As we grow older, many of us don’t look forward to the day when it’s time to clean out our household. During a lifetime, we collect a lot of things. So, even though we know that day eventually will come, we put it off. Occasionally we reorganize and toss a few things in a gesture to make us feel we’re making some progress. But we avoid the big purge.
It’s hard to get rid of our lifetime treasures, even though much of what we keep is stuff that we don’t use, don’t need and probably never will again.
I have been forced to sort through a lifetime of things lately because I will be selling my house. Very soon, I hope.
Our homes house a lot of memories, but for many of us things are different from a generation or two ago when people were born and lived most of their life in a family house. Now, we move many times, sometimes great distances. We have to take those memories with us when we move, along with many boxes of things we’ve collected through the years.

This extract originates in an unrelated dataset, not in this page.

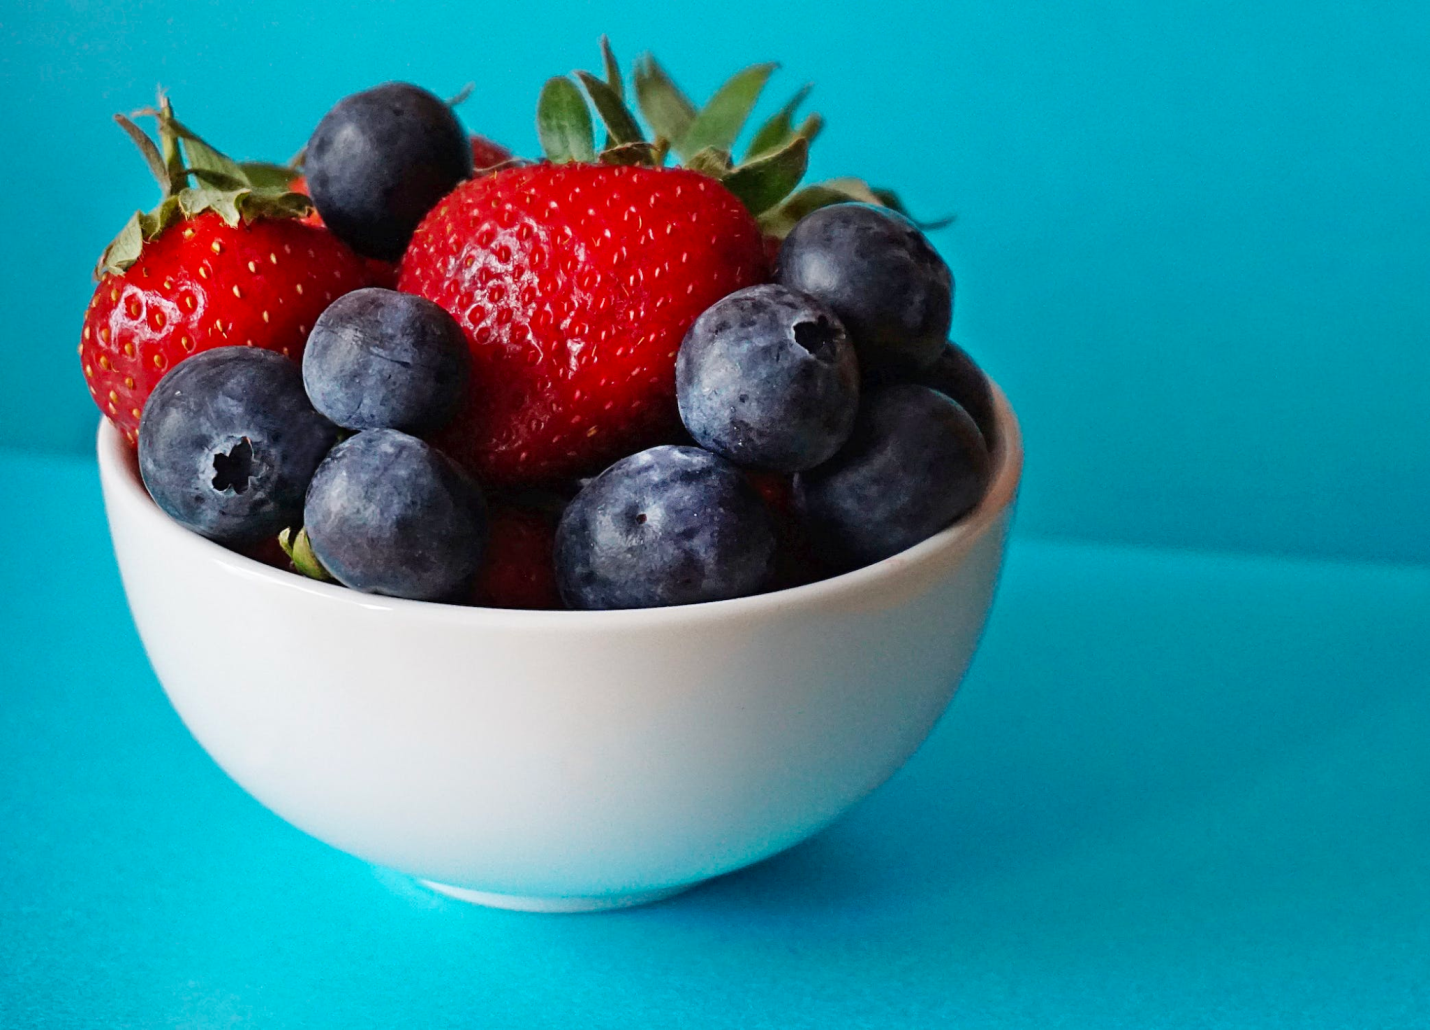 A bowl of various berries, including blueberries and strawberries.

I’ve cleaned out before – every time I’ve moved – but I didn’t get rid of nearly enough. Each time I wondered why I moved so much from one attic storage area to another.
Several years after my wife died, I remarried, and having two houses doesn’t make sense. Neither does keeping two of everything. So we’ve been shedding almost an entire household.
The problem I’ve faced is what to do with family treasures and heirlooms. Even when no one in the family wants them, it’s difficult to dispose of them.
What will I do with my grandmother’s 16-by-22-inch framed graduation diploma from 1909?
How can I part with my children’s grade-school artwork?
What about pieces of furniture that were passed down through generations?
And then there are special baby clothes, including my own christening outfit. What should I do with them?
Many things have gone to my children. They would have gotten them anyway, eventually. They’re just getting them early, but they don’t have room for everything, and they’re better than I was at saying no. Even if they take things, eventually they will face the same dilemma I’m in now.
Family pictures are among the most difficult to sort through. They bring back so many memories, but there is only so much wall space. For now, many of them are packed in boxes and perhaps will remain there for my children to determine their fate after I’m gone.
I’m not the only one in my family facing this point in life. Every time I visit my parents – who are 91 and 89 – they want to know what I want from their house. They, too, want to clean out.
This process is a reminder of the conclusion I reached many years ago – we have too much stuff. Even now, as I look around our house, I see so many things that hold special memories for me, but they will be of little interest and have limited attachment for anyone else someday.
Such as my collection of old cameras, many of which I’ve used. Or my display of hiking figures that remind me of special days and nights I spent on the Appalachian Trail. Or the shelves filled with books that I’ve read or still look forward to reading.
What will happen to them? Should it matter if no one wants them?
During our lifetimes, we put so much value on all of those things. They are important, but only for the memories they bring to us. Those memories are what last forever, long after the things we treasure have broken, faded or been lost.
I have to continue reminding myself of that as I finish this difficult task.
Life isn’t about all of those things. It’s about all of the people who were here to share them.